### [Problem description]
Everything from the line with "Range Tranquilo 4Pin" to the last line of the listing must be retyped exactly, both ends included, with the pictures dropped.

### [Dataset extract]
[Start of section]

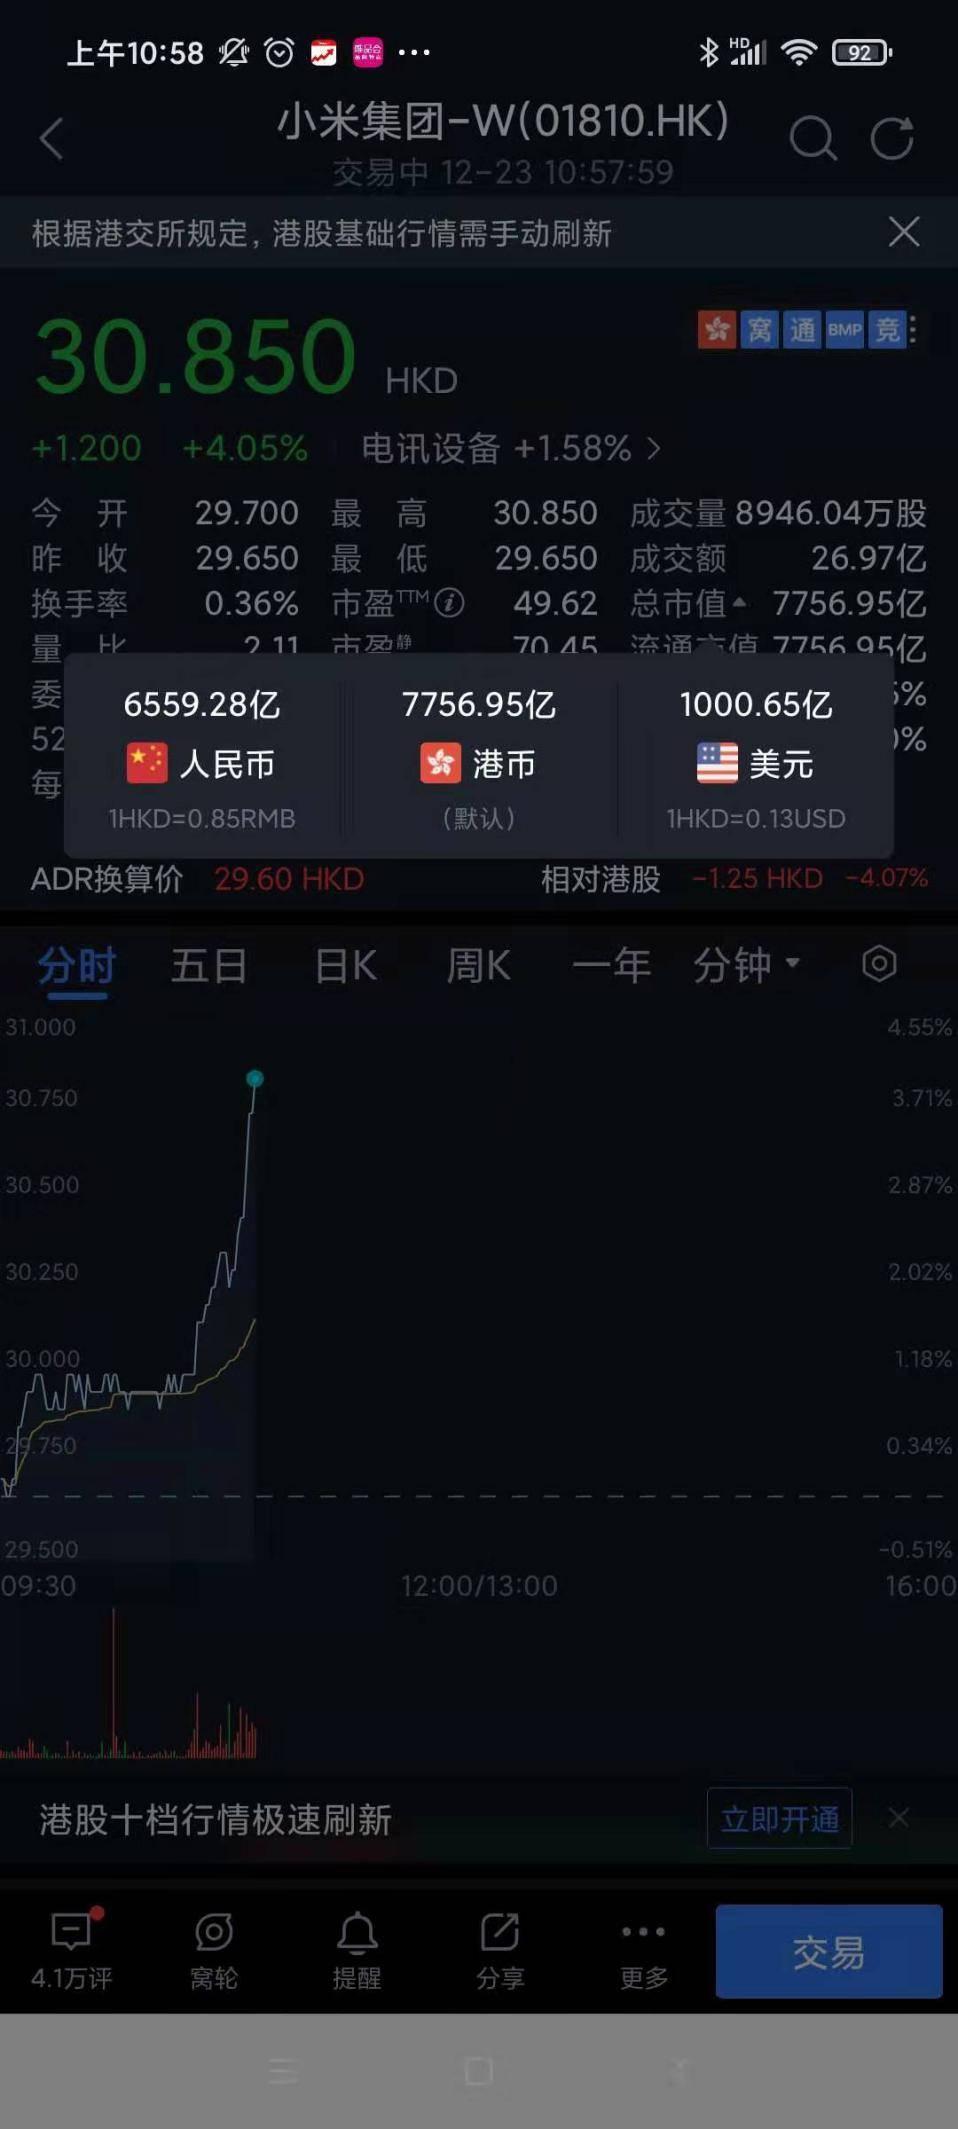 小米市值再创新高,突破千亿美元-第1张图片-IT新视野
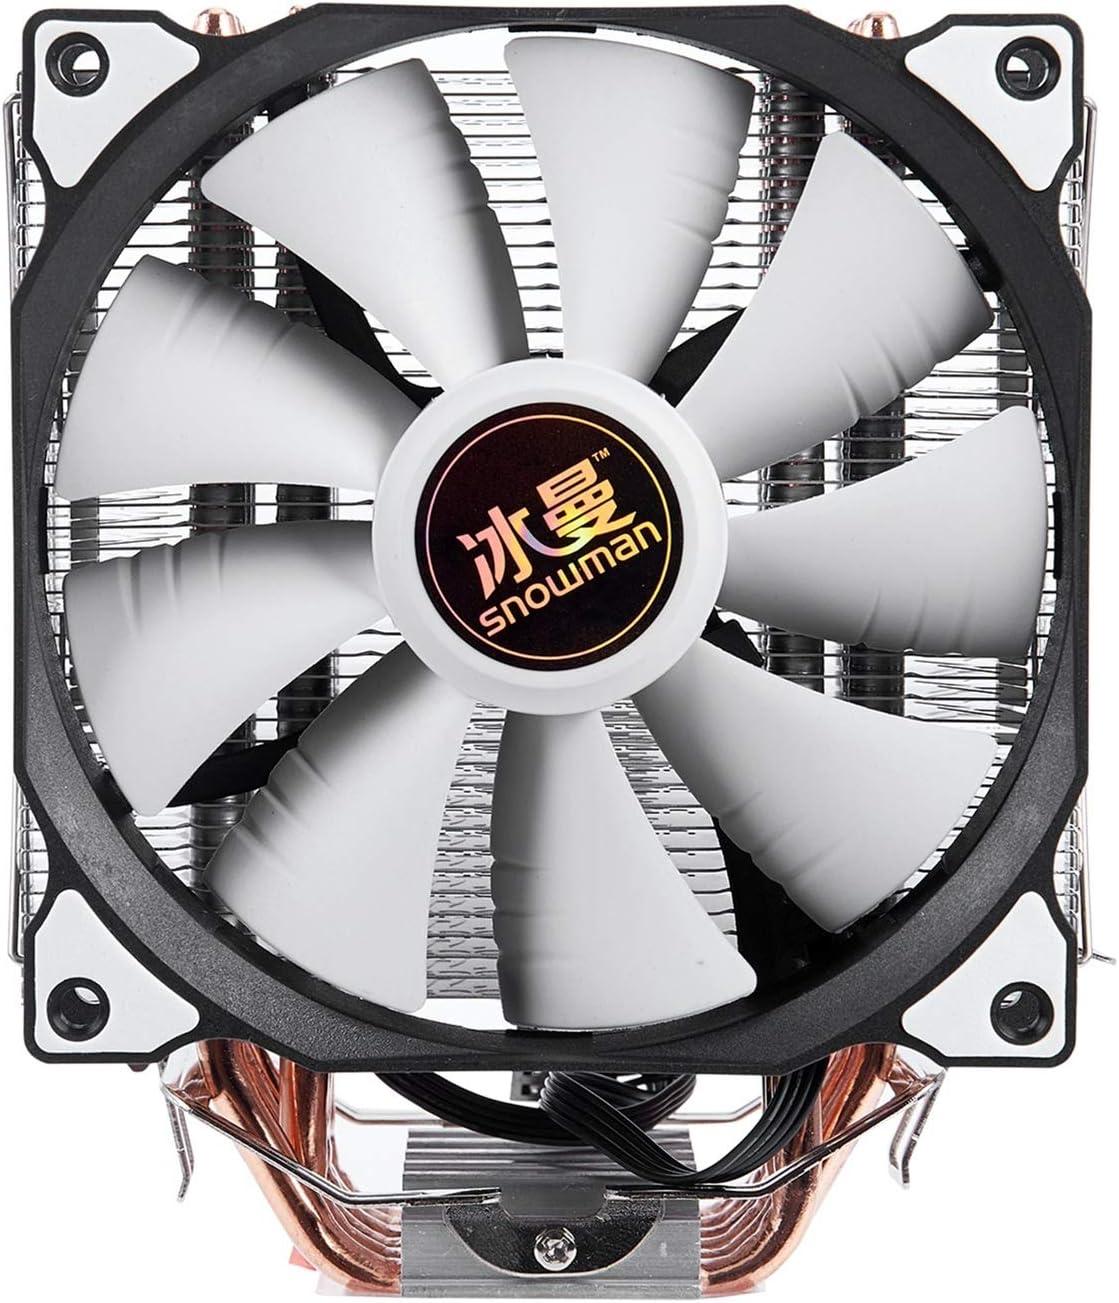 Range Tranquilo 4Pin CPU Cooler 6 Tubo De Calefacción Un Solo Ventilador De Refrigeración 12 Cm Ventilador LGA775 1151 115X 1366 Soporte Intel AMD Fácil de Transportar e Instalar
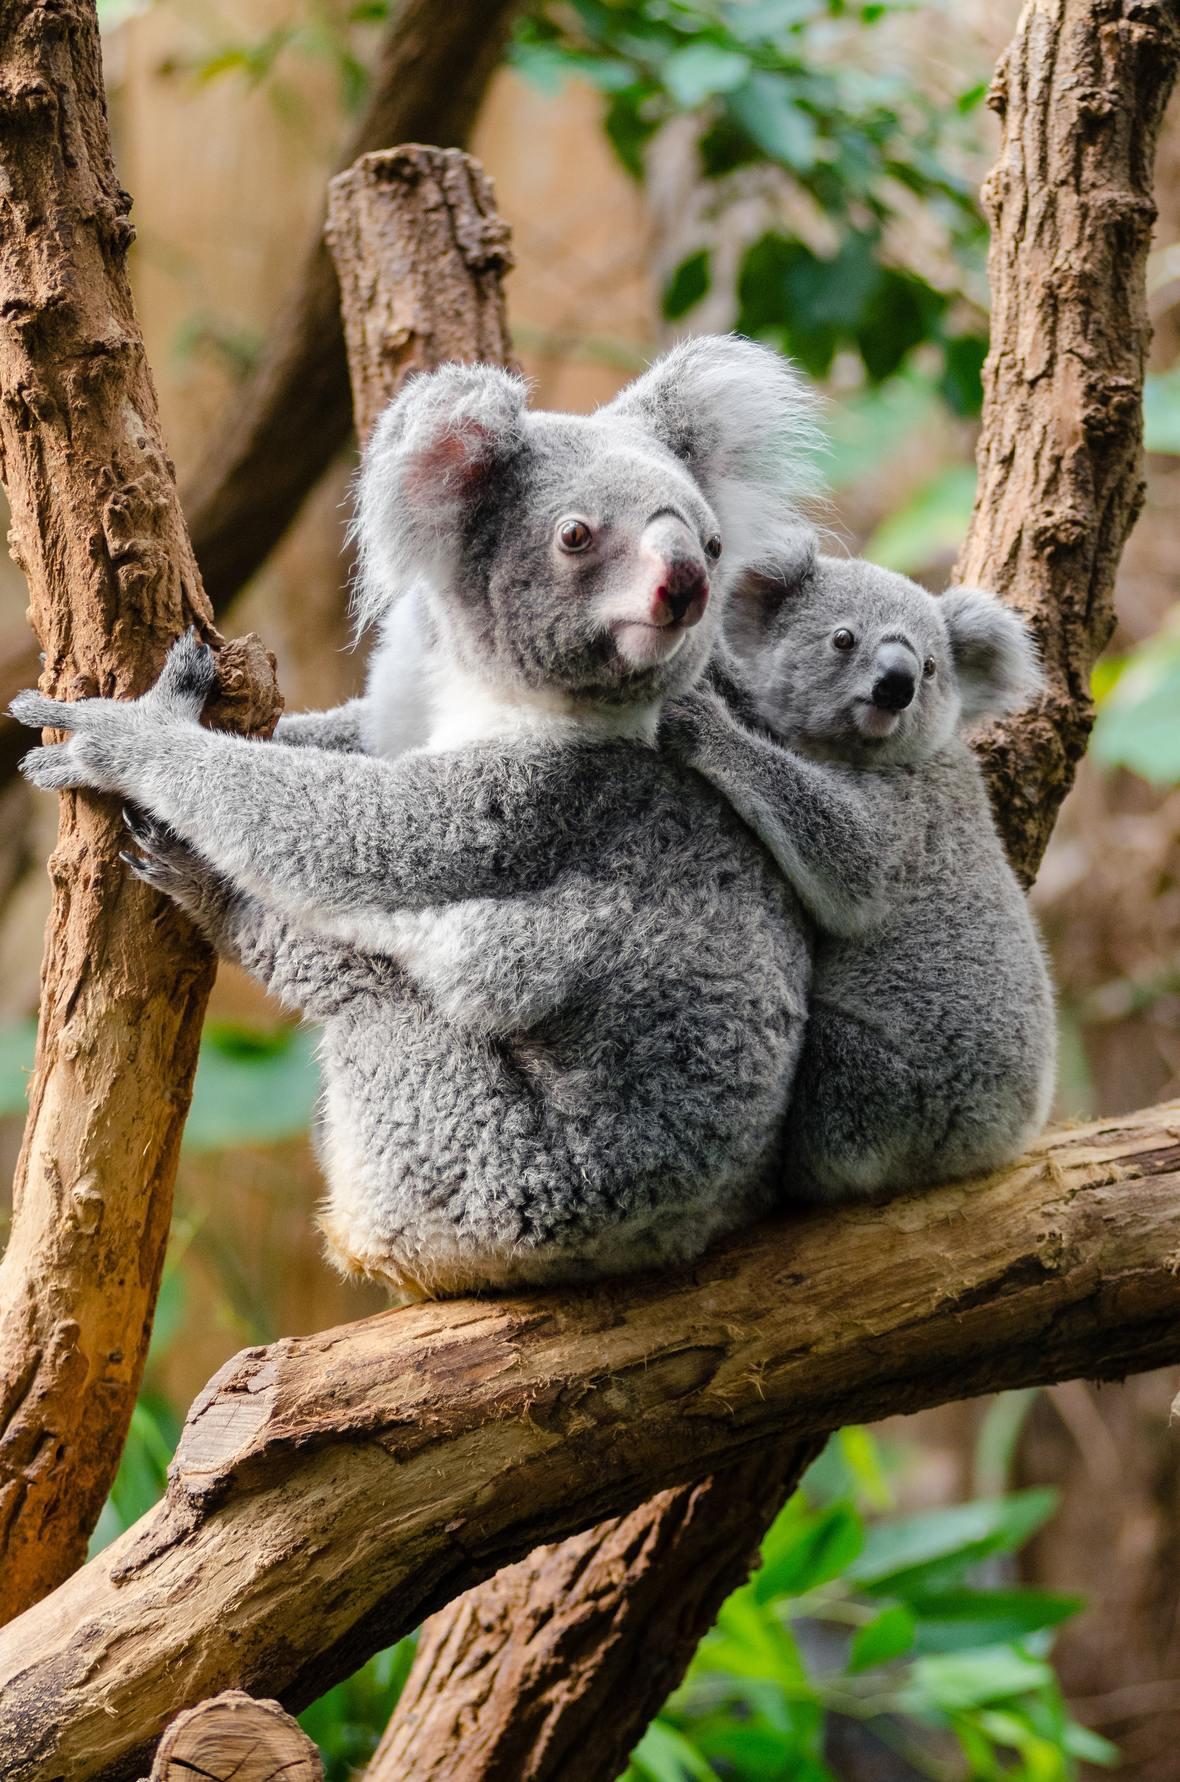 2-kuala-bears-on-brown-wood-tree-branch-146083

[End of section]

### [Task solution]
 Range Tranquilo 4Pin CPU Cooler 6 Tubo De Calefacción Un Solo Ventilador De Refrigeración 12 Cm Ventilador LGA775 1151 115X 1366 Soporte Intel AMD Fácil de Transportar e Instalar
 2-kuala-bears-on-brown-wood-tree-branch-146083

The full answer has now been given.